Overview
PyPi module | N/A | |||||||||||||||||||||||||
git repository | https://bitbucket.org/arrizza-public/running-average | |||||||||||||||||||||||||
git command | git clone git@bitbucket.org:arrizza-public/running-average.git | |||||||||||||||||||||||||
Verification Report | https://arrizza.com/web-ver/running-average-report.html | |||||||||||||||||||||||||
Version Info |
|
- installation: see https://arrizza.com/setup-common
Summary
It is sometimes necessary to keep track of an average for a list of numbers that are input only one at a time.
Scripts
- See Quick Start for information on using scripts.
- See xplat-utils submodule for information on the submodule.
Using the full list
The average of a set of numbers is the sum of the numbers divided by the number of items.
In code this looks like:
#include <iostream>
#define N 5
int list[N];
void use_full_list(int* list)
{
int sum = 0;
for (int i = 0; i < N; ++i)
{
sum += list[i];
}
double average = (double) sum / N;
printf("%-15s: sum: %3d N: %3d average: %.2f\n", "full list", sum, N, average);
}
int main(void)
{
list[0] = 1;
list[1] = 2;
list[2] = 4;
list[3] = 3;
list[4] = 2;
use_full_list(list);
return 0;
}
which generates this output:
full list : sum: 12 N: 5 average: 2.40
Running Average
But this requires the full set of numbers to calculate. What if we didn't want to store the full set of numbers?
void one_at_a_time(int val, int& num_elems, int& sum, double& average)
{
num_elems += 1;
sum += val;
average = (double) sum / num_elems;
printf("%-15s: sum: %3d N: %3d average: %.2f\n", "one at a time", sum, num_elems, average);
}
// and in main()
int num_elems = 0;
int sum = 0;
double average = 0.0;
for (int i = 0; i < N; ++i)
{
one_at_a_time(list[i], num_elems, sum, average);
}
gives output:
one at a time : sum: 1 N: 1 average: 1.00
one at a time : sum: 3 N: 2 average: 1.50
one at a time : sum: 7 N: 3 average: 2.33
one at a time : sum: 10 N: 4 average: 2.50
one at a time : sum: 12 N: 5 average: 2.40
In other words, we get the same final result, but we can calculate the average on the fly.
Storing the Average
But notice the sum in the output above, it keeps going up 1, 3, 7 etc. It may be possible that we overflow the variable sum.

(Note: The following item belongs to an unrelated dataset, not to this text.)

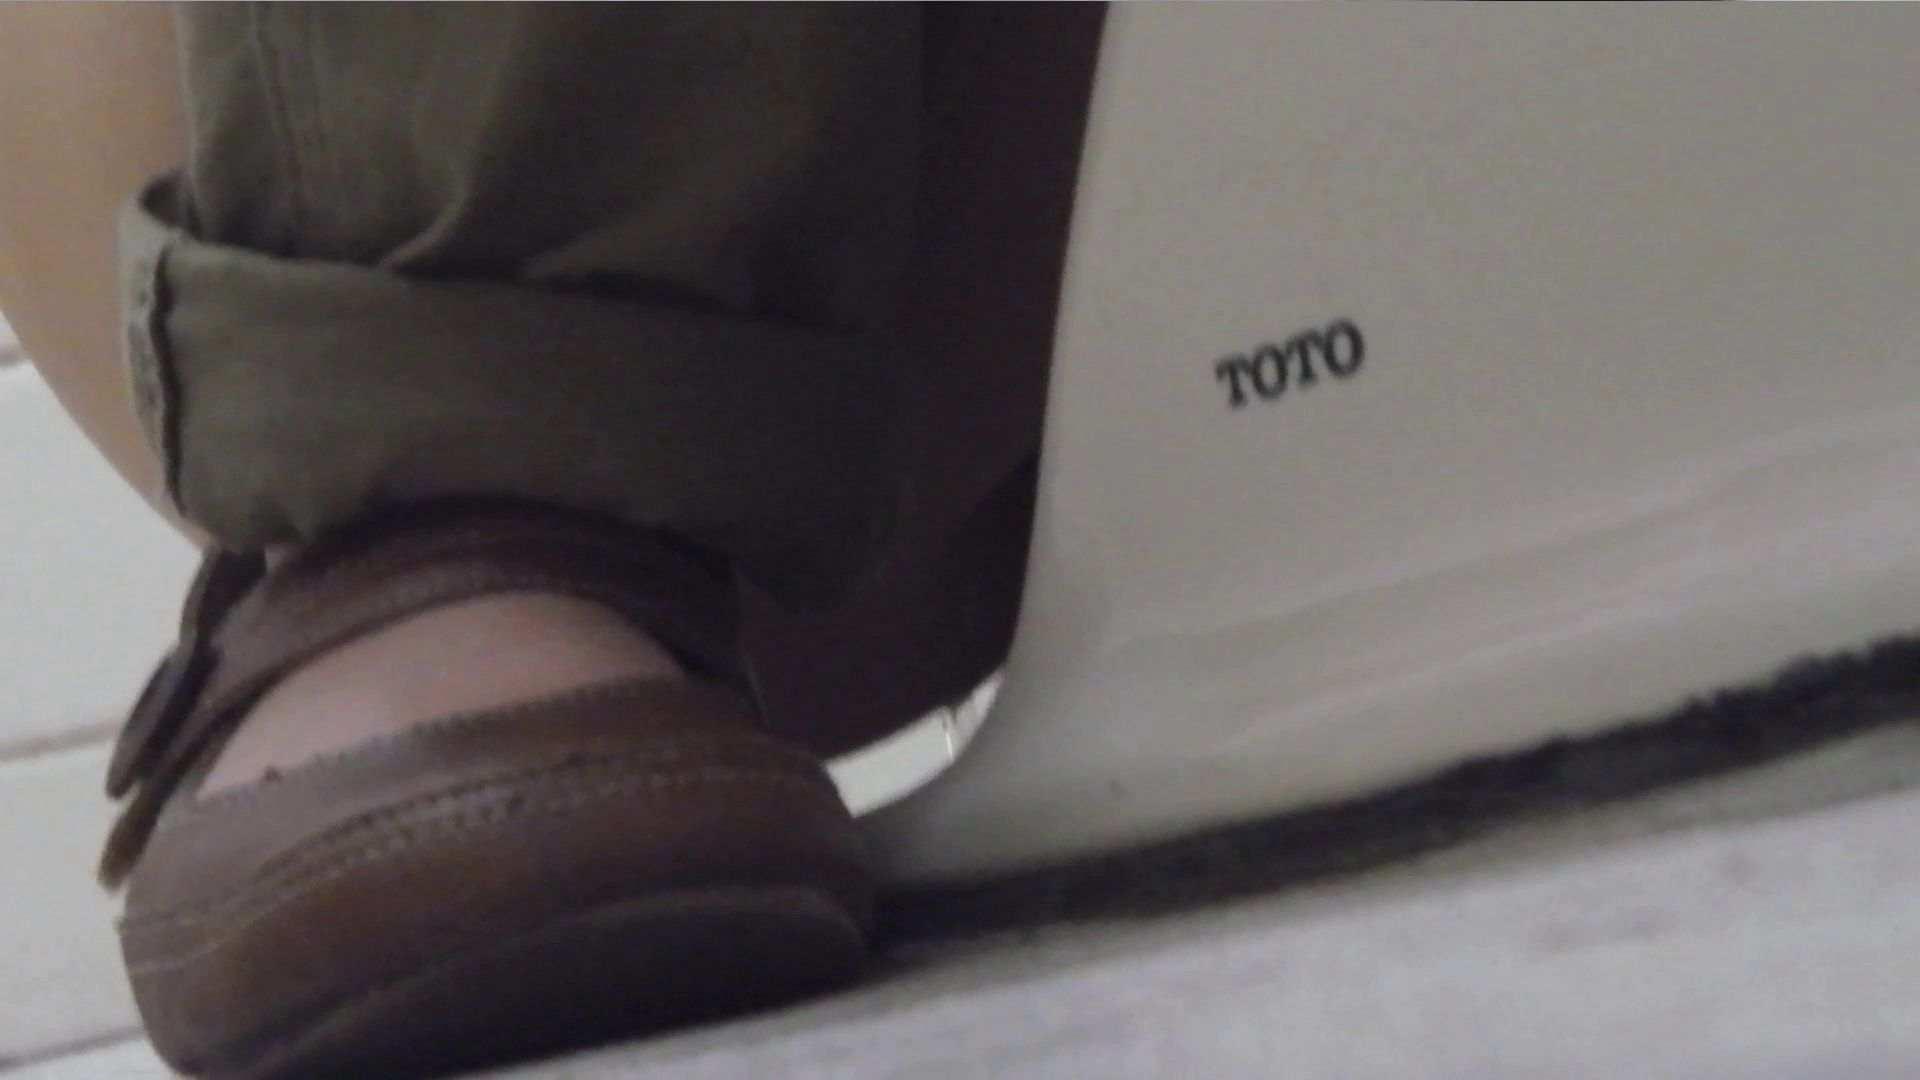 vol.09 命がけ潜伏洗面所! 残念!パンツについちゃいました。 潜入 | OLの実態  91pic 51

void only_average(int val, int& num_elems, double& average)
{
double sum = average * num_elems;
sum += val;
num_elems += 1;
average = sum / num_elems;
printf("%-15s: sum: %5.2f N: %3d average: %5.2f\n", "only average", sum, num_elems, average);
}
// and in main()
int num_elems2 = 0;
double average2 = 0.0;
for (int i = 0; i < N; ++i)
{
only_average(list[i], num_elems2, average2);
}
The output is:
only average : sum: 1.00 N: 1 average: 1.00
only average : sum: 3.00 N: 2 average: 1.50
only average : sum: 7.00 N: 3 average: 2.33
only average : sum: 10.00 N: 4 average: 2.50
only average : sum: 12.00 N: 5 average: 2.40
Again, we get the same final average but this time we only store a couple of variables.
Caveats
Note that the line
double sum = average * num_elems;
can still overflow.
And also note that this may not be exactly equal to $\(average * num\)$ since it is finite arithmetic.